Solution: Standardized coefficients.
$\hat{\beta}stand = \hat{\beta}*sd(X)/sd(Y)$ where
$\hat{\beta}stand$ is the standardized coefficient estimate of
$\hat{\beta}$
$sd(X)$ is the standard deviation of X
$sd(Y$) is the standard deviation of Y
# Theoretical Example
Let start with an illustration of OLS in a quite general way by
evaluating a rather artificial example
```{r message=FALSE, warning=FALSE}
n = 200
xone=seq(1:n)
yone = 1.5*xone + rnorm(n=n, mean = 3, sd=25)
plot(xone,yone)
olsone = lm(yone~xone)
summary(olsone)
plot(xone,yone,abline(lm(yone~xone)))
```
What happens, if we decrease the noise?
```{r}
n = 200
xtwo=seq(1:n)
ytwo = 1.5*xtwo + rnorm(n=n, mean = 3, sd=5)
plot(xtwo,ytwo)
olstwo = lm(ytwo~xtwo)
summary(olstwo)
plot(xtwo,ytwo,abline(lm(ytwo~xtwo)))
```
What happens, if the relationship was not linear?
```{r}
xthree=seq(1:n)
ythree = log(xthree) + rnorm(n=n, mean = 3, sd=0.5)
plot(xthree,ythree)
olsthree = lm(ythree~xthree)
summary(olsthree)
plot(xthree,ythree,abline(lm(ythree~xthree)))
```
We can solve this by tranforming our X variable
```{r}
logxthree = log(xthree)
plot(logxthree,ythree)
olsfour = lm(ythree~logxthree)
summary(olsfour)
plot(logxthree,ythree,abline(lm(ythree~logxthree)))
```
# Real Example
Let's use real data: the mpg data set (publicly available) is shipped
with ggplot2
The variables contained in the datset are:
manufacturer = manufacturer of the car
model = model
displ = engine displacement in liters
year = year of manufacturing
cyl = number of cylinders
trans = type of transmission (automatic/manual)

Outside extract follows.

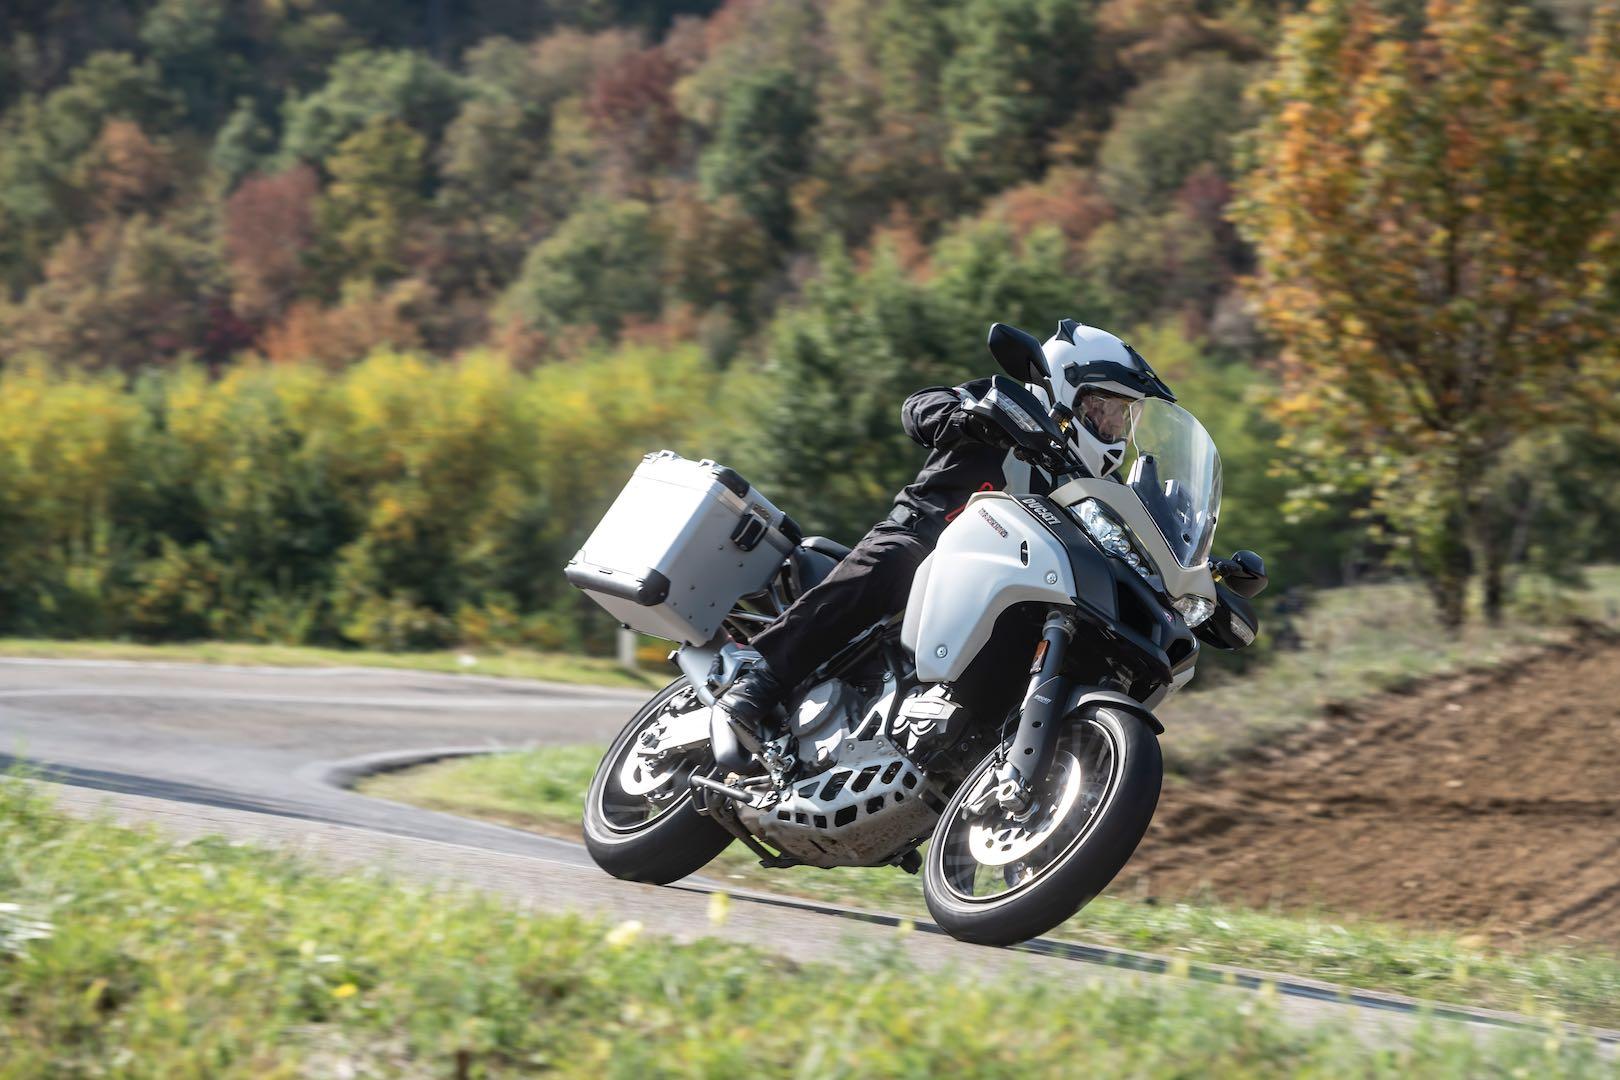 2019 Ducati Multistrada 1260 Enduro Test | Conservative Maniac

drv = drive type front, rear and 4-wheel
cty = city mileage in miles per gallon
hwy = highway mileage in miles per gallon
fl = fuel type
class = vehicle class (SUV etc.)
```{r}
library(ggplot2)
dat = mpg
hmile = lm(hwy~displ+year, dat=dat)
summary(hmile)
```
The $TSS$, $RSS$ and $ESS$ for our model are
```{r}
TSS = var(dat$hwy)*(nrow(dat)-1)
dat$errsq = (hmile$residuals)^2
RSS =sum(dat$errsq)
ESS=TSS-RSS
TSS
RSS
ESS
```
The $R^{2}$ can then be calculated manually as
```{r}
R_squared = ESS/TSS
R_squared
```
whereas the $F-statistic$ is calculated manually as
```{r}
fishstat = (ESS/(length(coefficients(hmile))-1))/
(RSS/(nrow(dat)-length(coefficients(hmile))))
fishstat
```
Of course, the above information together with any additional concerning
the coefficients, their standard errors and the corresponding $p-values$
is already included in the collective table above. We realize
- The value of the $R^{2}=0.6$ is quite big, so the model explain
about 60% of the variation of $Y=hwy$
- The coefficient of $disp$ is **significant**(not zero) at any level
of significance(as $p-value <<1$)) whereas the coefficient of $year$
is **significant**(not zero) at a significance level of greater than
99%(as $p-value = 0.005 <0.01$)
- As already expected, the two variables are also jointly significant
at any level of significance (as $F-statistic = 173.5$ with
$p-value <<1$)
However, the fact the coefficients of the respective variables are
significant does not imply that the respective variable is also
important! To examine that we should standardize **the coefficients**
first
The standardized coefficient of $year$ becomes 0.118 from 0.156 whereas
that of $displ$ decreases from -3.611 to -0.783. We observe that the the
**variable** $displ$ **is not as important** as it would naively seem
without standardizing the coefficients.